A visit to “The Idiot Colony”

blocks_image_5_1Last week I went to see RedCape Theatre‘s The Idiot Colony, which was at Birmingham Rep for two nights on its tour. I didn’t know what to expect, but I’m so glad I went. The play, which features three performers of RedCape Theatre, moves between a hairdressing salon in the 1980s and a mental hospital in the 1940s. The play is based on true events, although is only representative of them rather than literally being biographical, but the events are shocking, moving and intriguing all at once. The play is predicated on the fact that until the 1950s, the Mental Deficiency Act of 1913 meant that someone could be incarcerated for what was seen as moral weakness, resulting in women’s imprisonment in institutions for bearing an illegitimate child or being a lesbian, for example.

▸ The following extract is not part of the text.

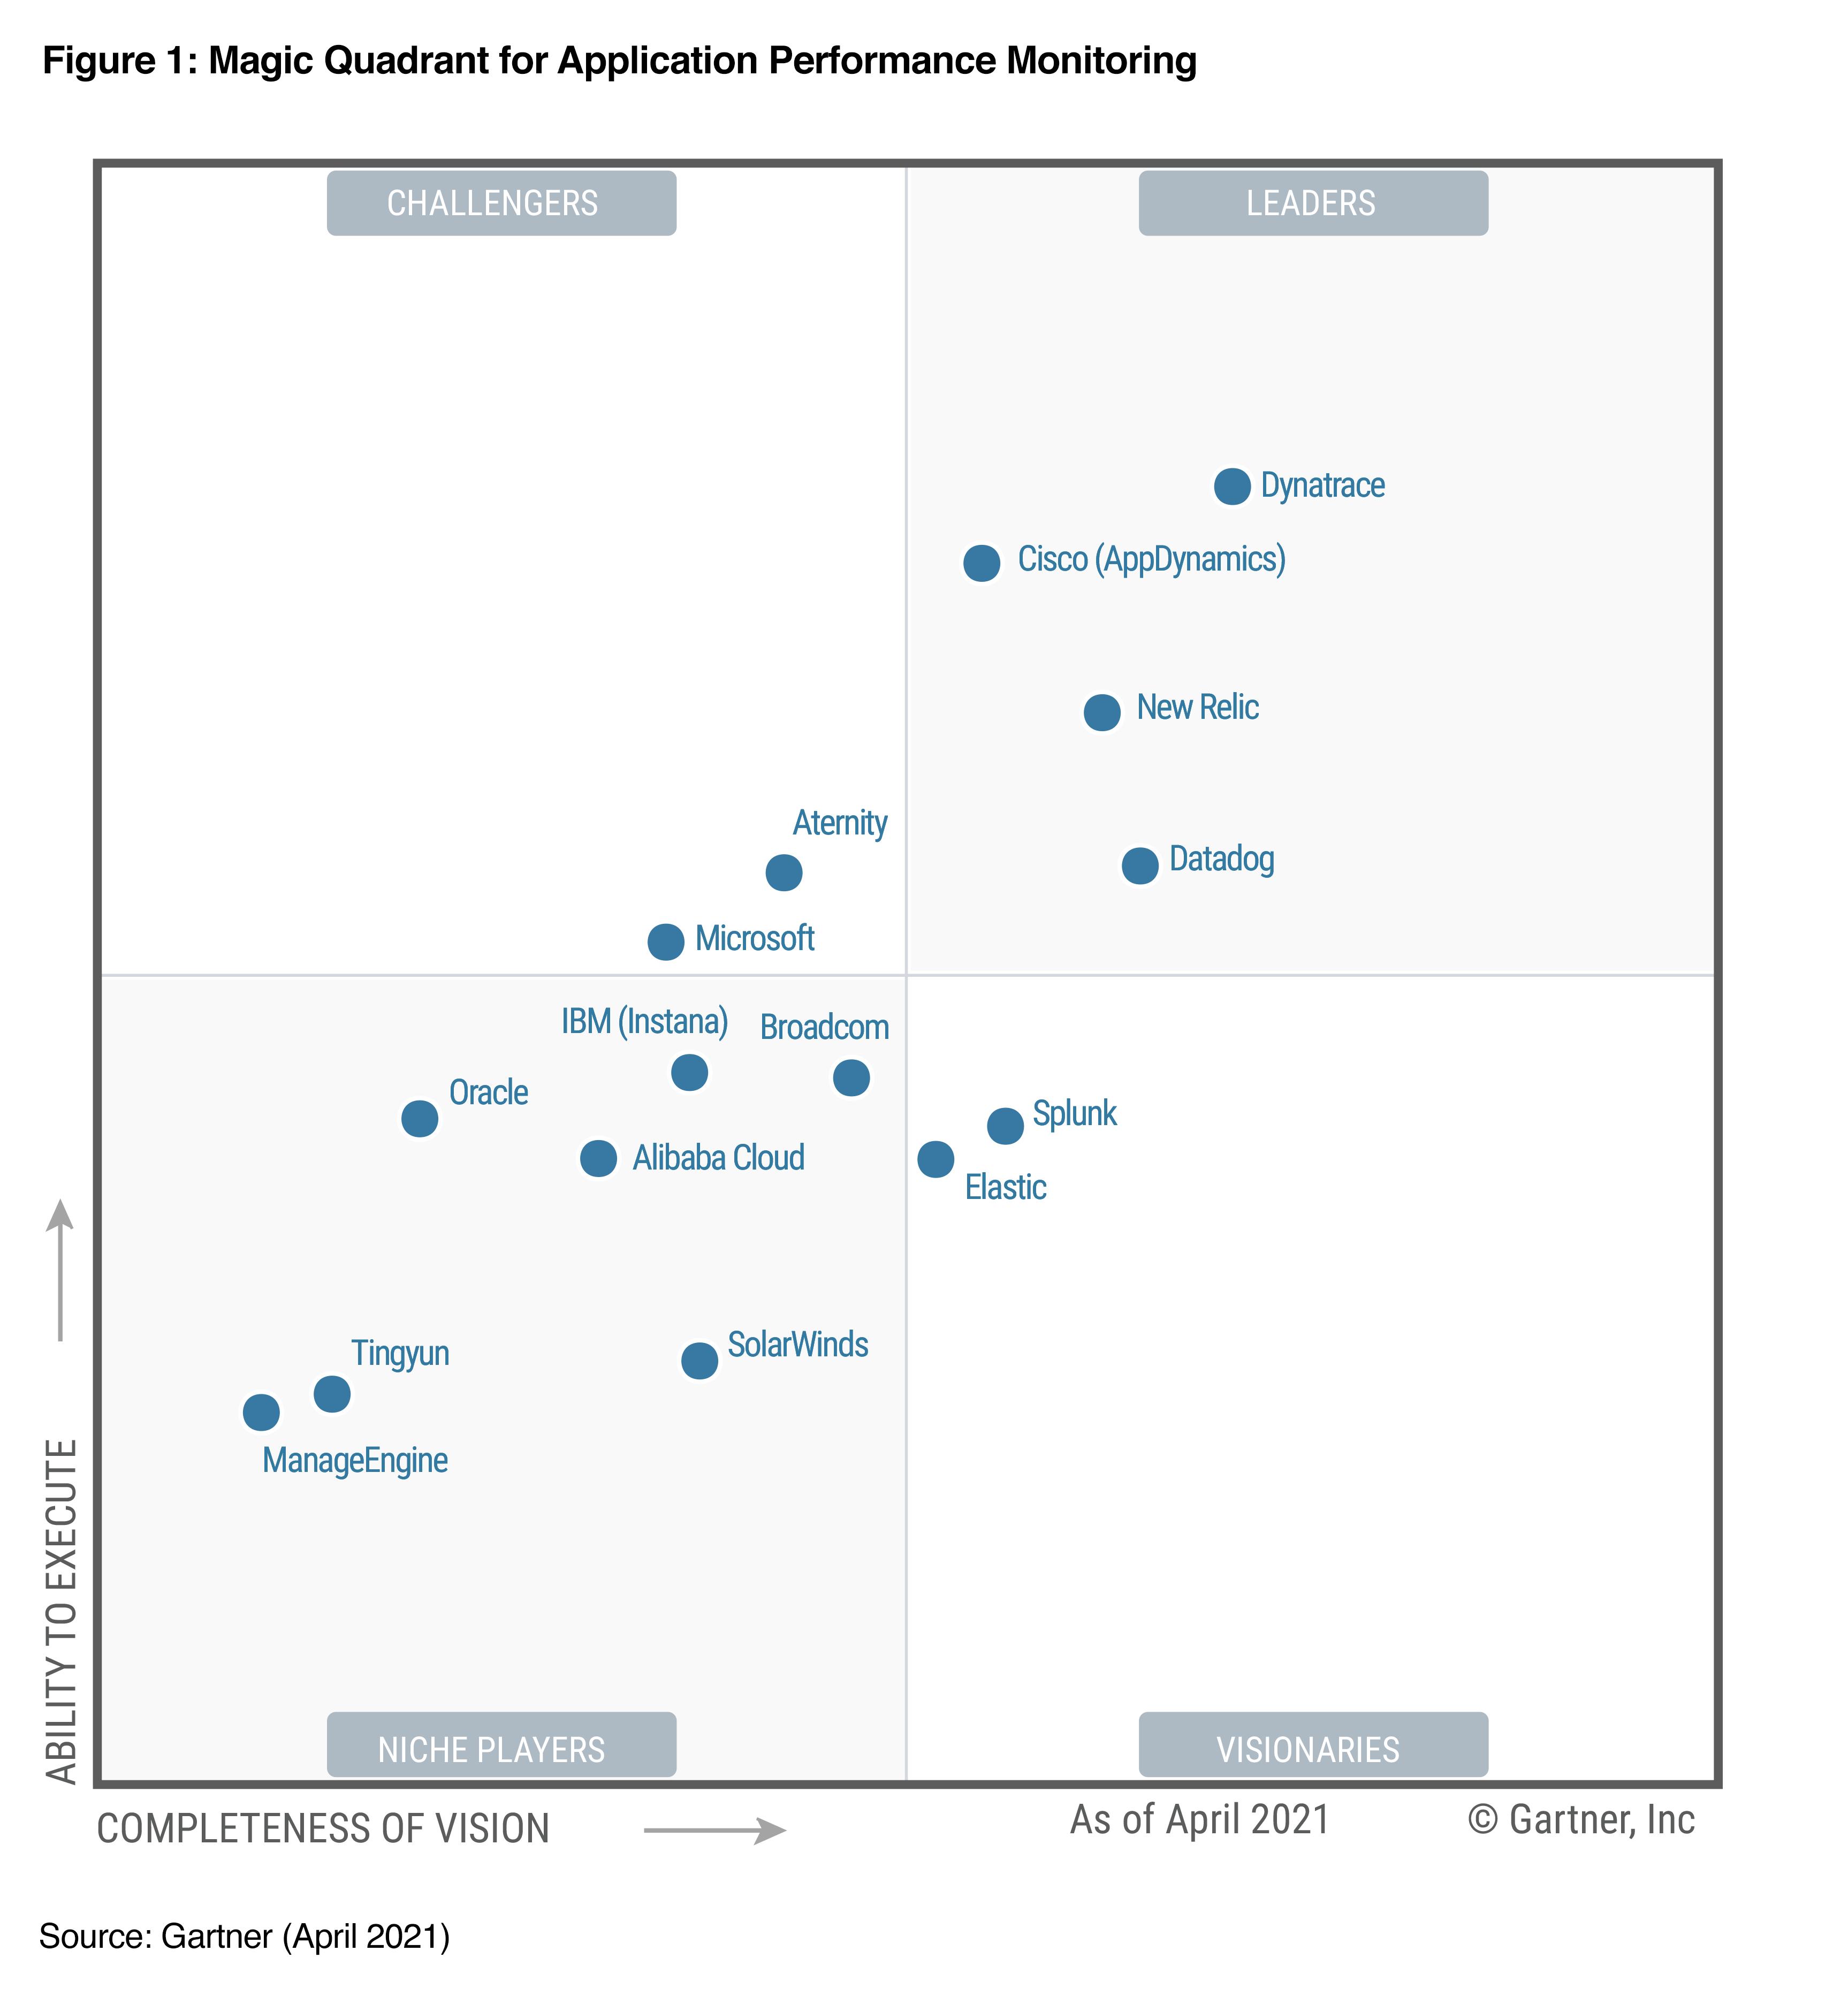 graphic-gartner-magic-quadrant-application-performance-monitoring-research.png

Most shocking of all, though, is that some of these women weren’t released until the 1990 Care in the Community Act came into force.

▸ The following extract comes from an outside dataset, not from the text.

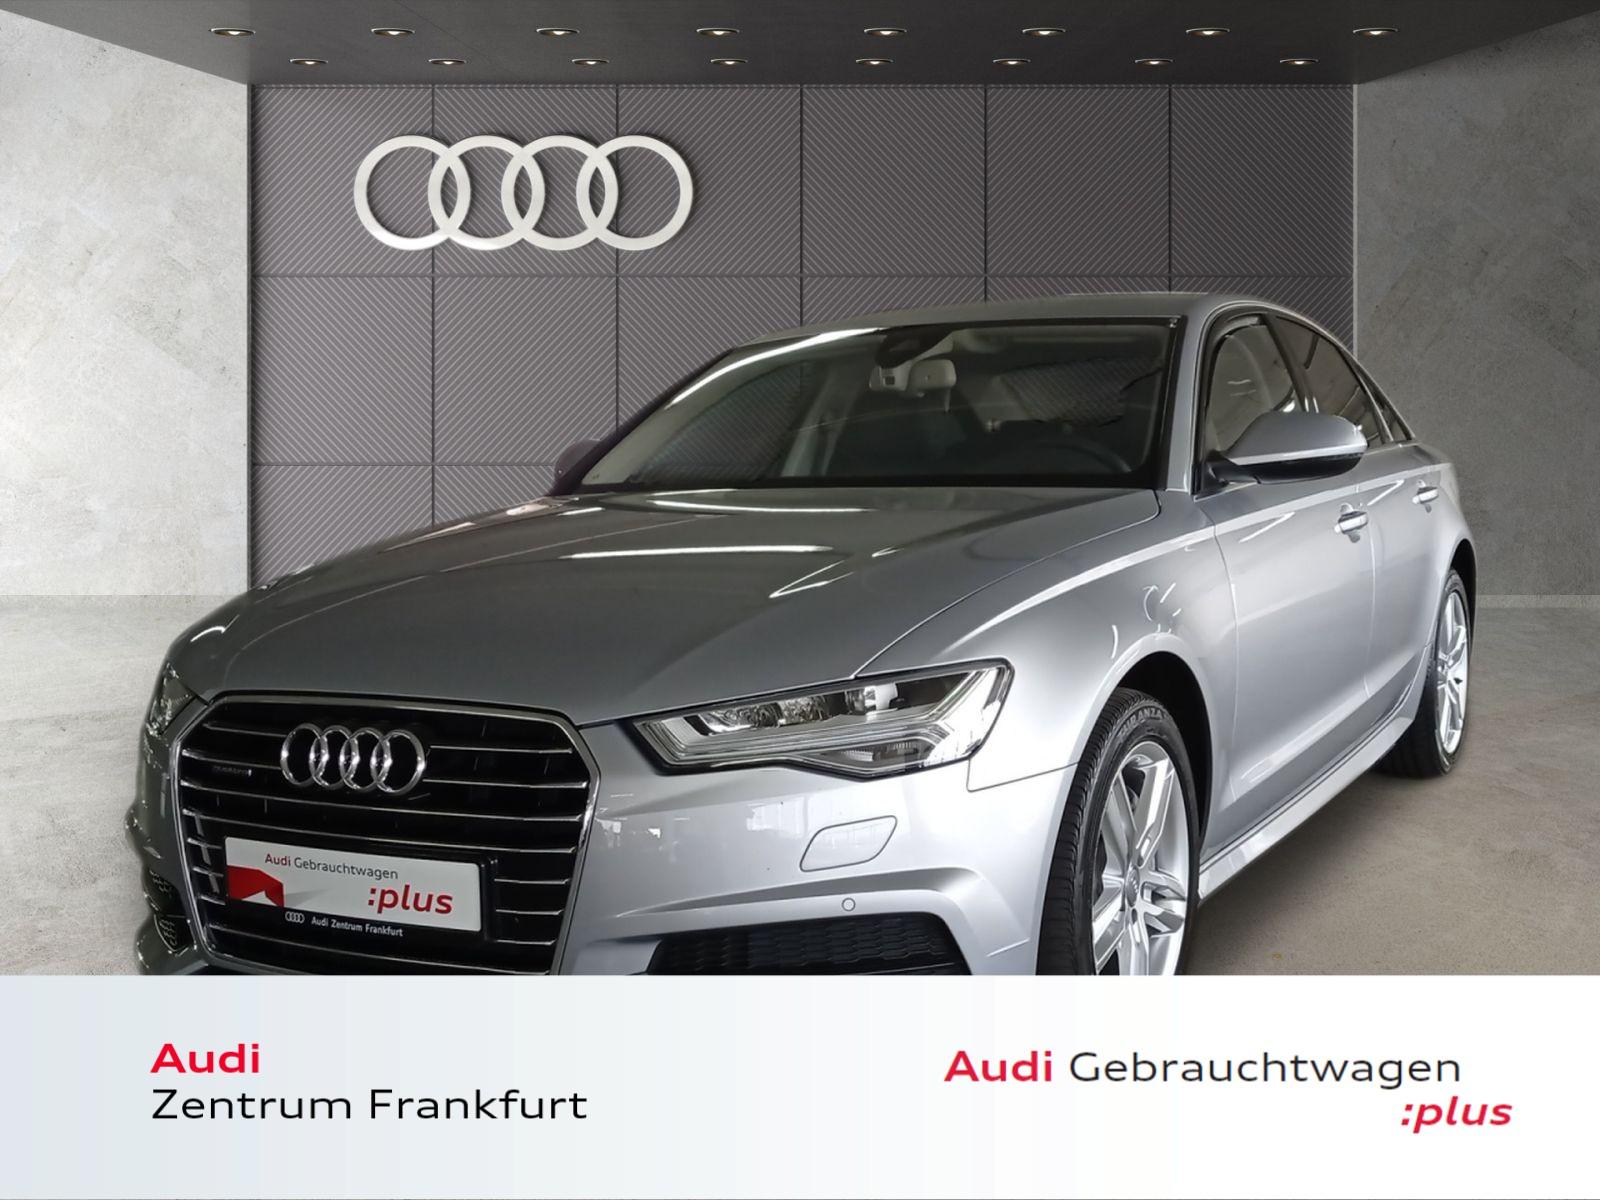 Audi A6 3.0 TDI quattro S tronic LED Navi Tempomat, Jahr 2017, Diesel

Such are the bare bones of the story, and it is told well, with details gradually revealed, both of the reasons for the women’s incarceration, and of their lives in the institution. Of course, though not really in need of psychiatric care, they become institutionalised, one eagerly taking all tablets, another being forced to undergo a lobotomy. The play is short, but packed with emotion, and played out like a ballet; movement and music are every bit as important as words here, and the three actors move like dancers across the stage in a mad/sane dance.

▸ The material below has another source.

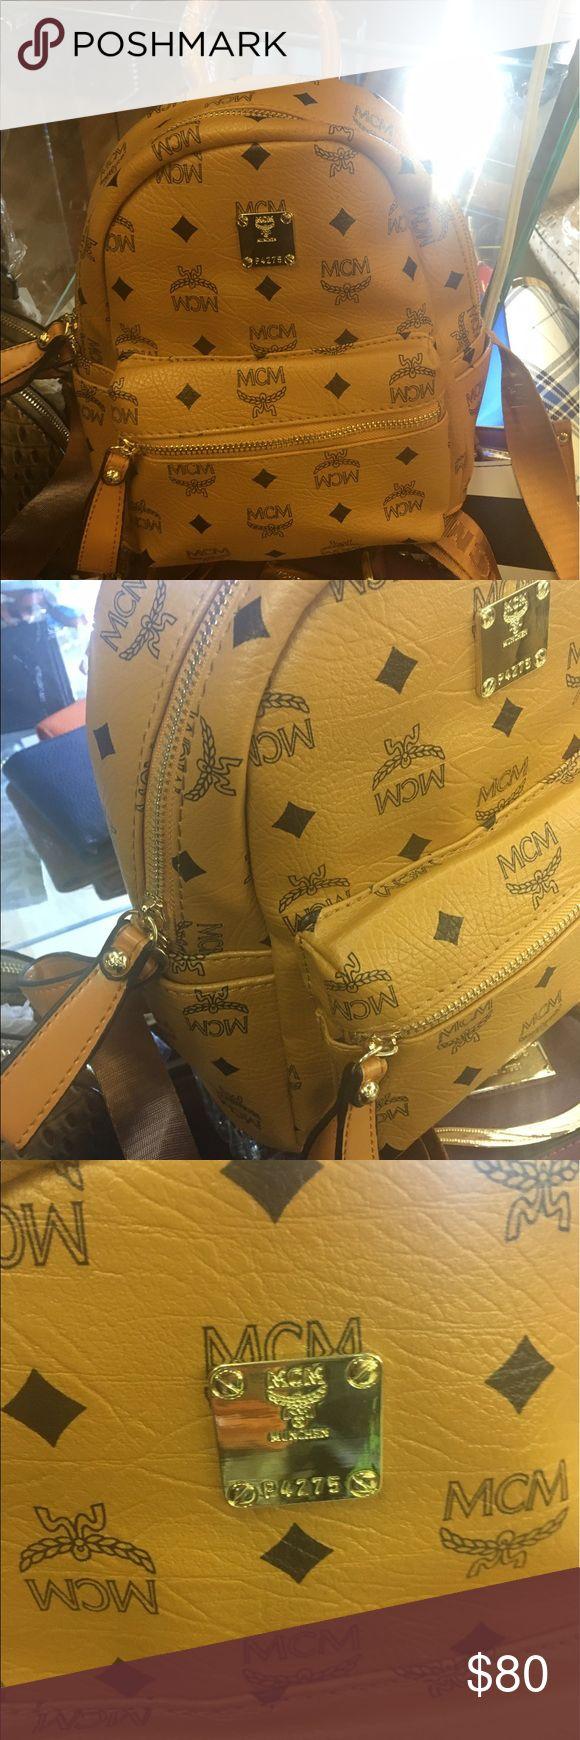 Medium size Mcm bookbag backpack Brand new. Price firm. MCM Bags Backpacks

RedCape should certainly win some kind of award for the most innovative use of props I have ever seen. Though the stage is plain and bare – three chairs, three towels and one or two other accoutrements of a hairdresser’s, they create a wonderful bath from a towel, for example, and with the use of lighting their simulation of being in a cinema is fascinating. It is rare to see a play where everything – not just words, music, movement, but also props, lighting and an indefinable atmosphere, work together to create something so moving and gripping. If it’s coming to a theatre near you, see it!